The embodiment of the present application discloses a kind of noise signal and determines method, speech de-noising method and device, the noise signal determines that method includes: to make Fourier transformation to each frame signal in speech signal segment to be analyzed, obtains the power spectrum of each frame signal in the speech signal segment;According to the power spectrum of the frame signal, variance of each frame signal about the performance number under each frequency in the speech signal segment is determined;According to the variance, determine whether each frame signal in the speech signal segment is noise signal.The embodiment of the present application can accurately obtain several noise frames for including in above-mentioned speech signal segment to be analyzed, and then promote speech de-noising effect.

Description

Noise signal determines method, speech de-noising method and device
Technical field
This application involves speech de-noising technical field, in particular to a kind of noise signal determines method, speech de-noising method And device.
Background technique
Speech de-noising technology is that the technology of voice quality is promoted by the environmental noise in removal voice signal.In voice During denoising, need the power spectrum for determining noise signal in voice signal first, it is subsequent further according to identified noise signal Power spectrum denoises.
In the prior art, the mode for determining the power spectrum of noise signal in voice signal is usually: it is assumed that one section of voice letter Preceding N frame signal in number is noise signal (voice signal for not including people), thus by dividing above-mentioned preceding N frame signal Analysis, obtains the power spectrum of the noise signal in the voice signal.
In practical application scene, the preceding N frame signal in voice signal is determined as by the prior art by way of hypothesis Often there is the case where preceding N frame signal obtained by hypothesis mode is not inconsistent with actual noise signal, thus shadow in noise signal Ring the accuracy of the power spectrum of the noise signal obtained.
Summary of the invention
The purpose of the embodiment of the present application is to provide a kind of noise signal and determines method, speech de-noising method and device, with solution It is not inconsistent in the prior art by the preceding N frame signal that hypothesis mode obtains with actual noise signal certainly, so that influence to obtain makes an uproar The problem of accuracy of the power spectrum of sound signal.
In order to solve the above technical problems, noise signal provided by the embodiments of the present application determine method, speech de-noising method and Device is achieved in that
A kind of noise signal determines method, comprising:
Fourier transformation is made to each frame signal in speech signal segment to be analyzed, is obtained in the speech signal segment The power spectrum of each frame signal;
According to the power spectrum of the frame signal, determine that each frame signal is about the function under each frequency in the speech signal segment The variance of rate value;
According to the variance, determine whether each frame signal in the speech signal segment is noise signal.

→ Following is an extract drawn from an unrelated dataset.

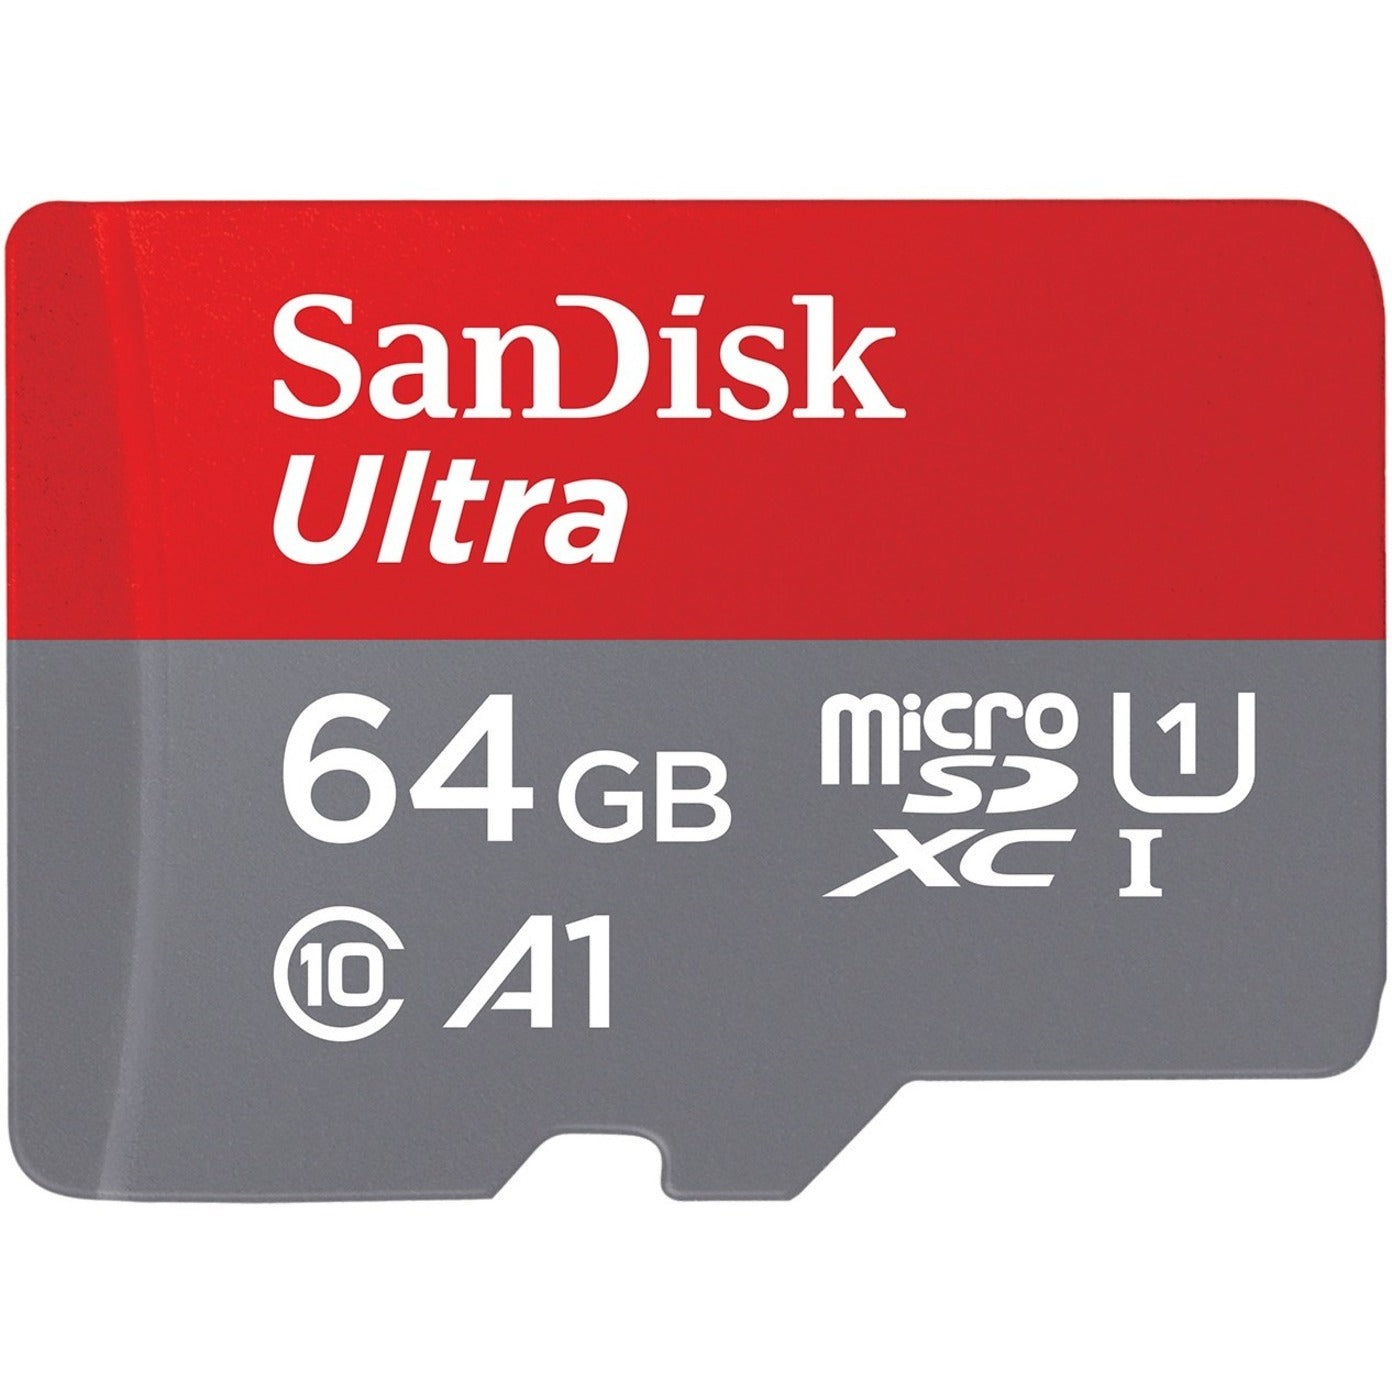 SanDisk SDSQUA4-064G-AN6MA Ultra microSDXC UHS-I Card with Adapter - 64GB, Class 10, 120 MB/s Data Transfer Rate

A kind of speech de-noising method, comprising:
Determine the speech signal segment to be analyzed for including in voice to be processed;
Fourier transformation is made to each frame signal in speech signal segment to be analyzed, is obtained in the speech signal segment The power spectrum of each frame signal;
According to the power spectrum of the frame signal, determine that each frame signal is about the function under each frequency in the speech signal segment The variance of rate value;
It determines whether each frame signal in the speech signal segment is noise signal according to the variance, obtains institute's predicate Several noise frames for including in sound signal segment;
Determine power mean value corresponding with several noise frames for including in the speech signal segment, and according to the noise The power mean value of frame carries out the speech de-noising processing of the voice to be processed.
A kind of noise signal determining device, comprising:
Power spectrum acquiring unit is obtained for making Fourier transformation to each frame signal in speech signal segment to be analyzed The power spectrum of each frame signal into the speech signal segment;
Variance determination unit determines each frame letter in the speech signal segment for the power spectrum according to the frame signal Variance number about the performance number under each frequency;
Noise determination unit, for according to the variance, determine each frame signal in the speech signal segment whether be Noise signal.

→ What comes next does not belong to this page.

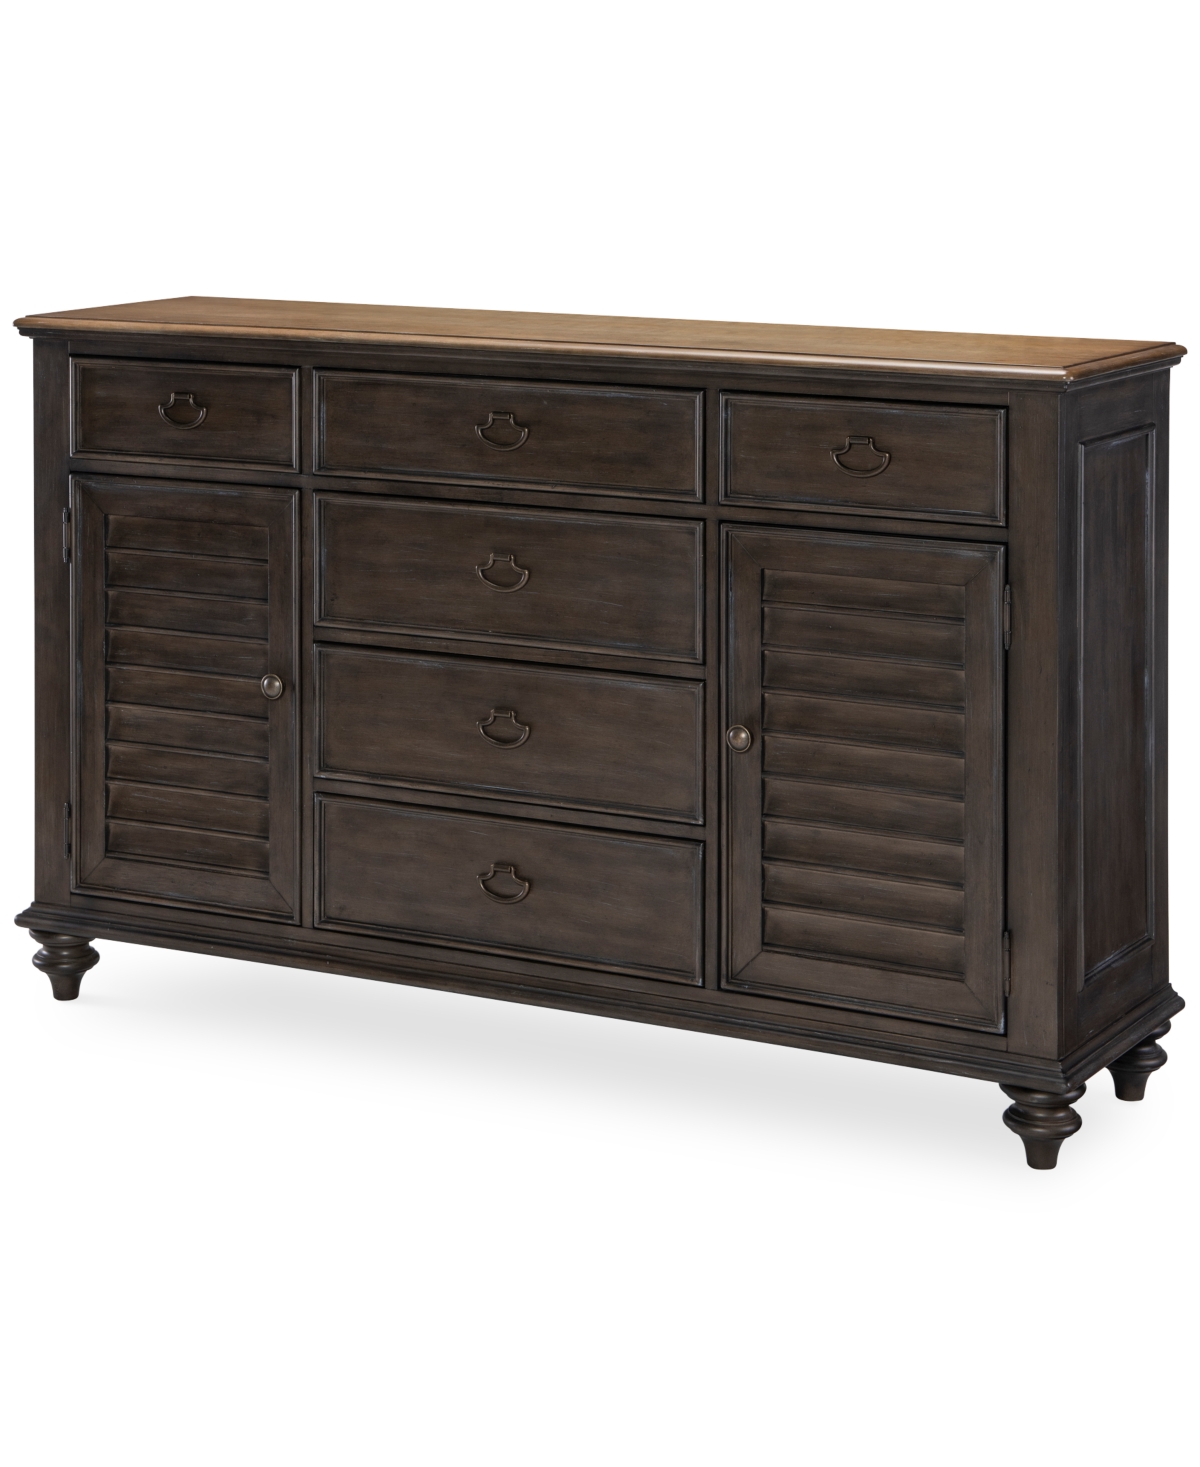 Macy's Mandeville Louvered Dresser In Brown

A kind of speech de-noising device, comprising:
Segment determination unit, for determining the speech signal segment to be analyzed for including in voice to be processed;
Power spectrum acquiring unit is obtained for making Fourier transformation to each frame signal in speech signal segment to be analyzed The power spectrum of each frame signal into the speech signal segment;
Variance determination unit determines each frame letter in the speech signal segment for the power spectrum according to the frame signal Variance number about the performance number under each frequency;
Noise determination unit, for determining whether each frame signal in the speech signal segment is to make an uproar according to the variance Sound signal obtains several noise frames for including in the speech signal segment;
Speech de-noising unit, for determining that power corresponding with several noise frames for including in the speech signal segment is equal Value, and the power mean value according to the noise frame carries out the speech de-noising processing of the voice to be processed.

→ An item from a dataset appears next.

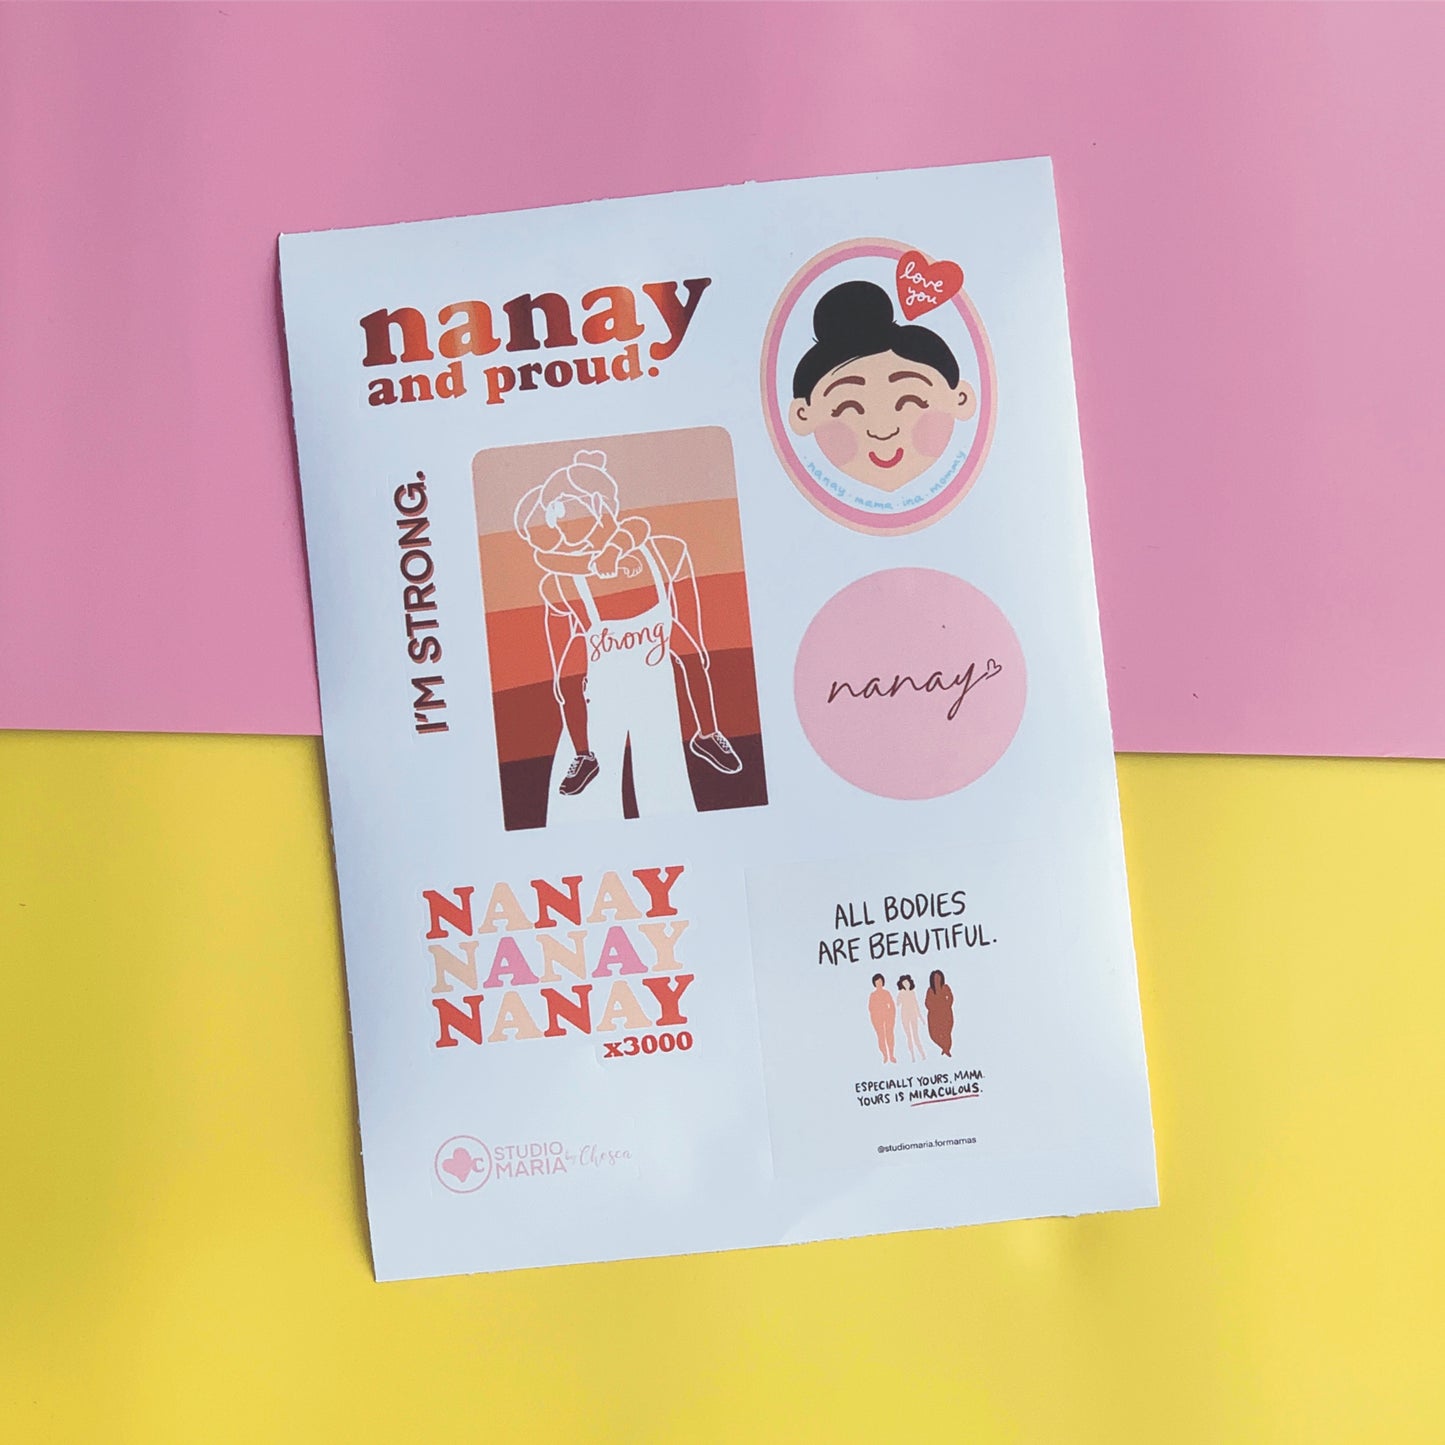 Nanay and Proud Sticker Set by Studio Maria

As can be seen from the technical scheme provided by the above embodiments of the present application, noise signal determination side provided by the embodiments of the present application Method, speech de-noising method and device obtain each frame signal by carrying out Fourier transformation to speech signal segment to be analyzed Power spectrum, and determine variance of each frame signal about the performance number under each frequency in speech signal segment to be analyzed, final root Determine whether the frame signal is noise signal according to above-mentioned variance, to accurately obtain above-mentioned speech signal segment to be analyzed In include several noise frames;It, can be according to the power mean value of several noise frames of above-mentioned determination during speech de-noising To carry out voice to be processed denoising, and then promotes speech de-noising effect.
Detailed description of the invention
In order to illustrate the technical solutions in the embodiments of the present application or in the prior art more clearly, to embodiment or will show below There is attached drawing needed in technical description to be briefly described, it should be apparent that, the accompanying drawings in the following description is only this The some embodiments recorded in application, for those of ordinary skill in the art, in the premise of not making the creative labor property Under, it is also possible to obtain other drawings based on these drawings.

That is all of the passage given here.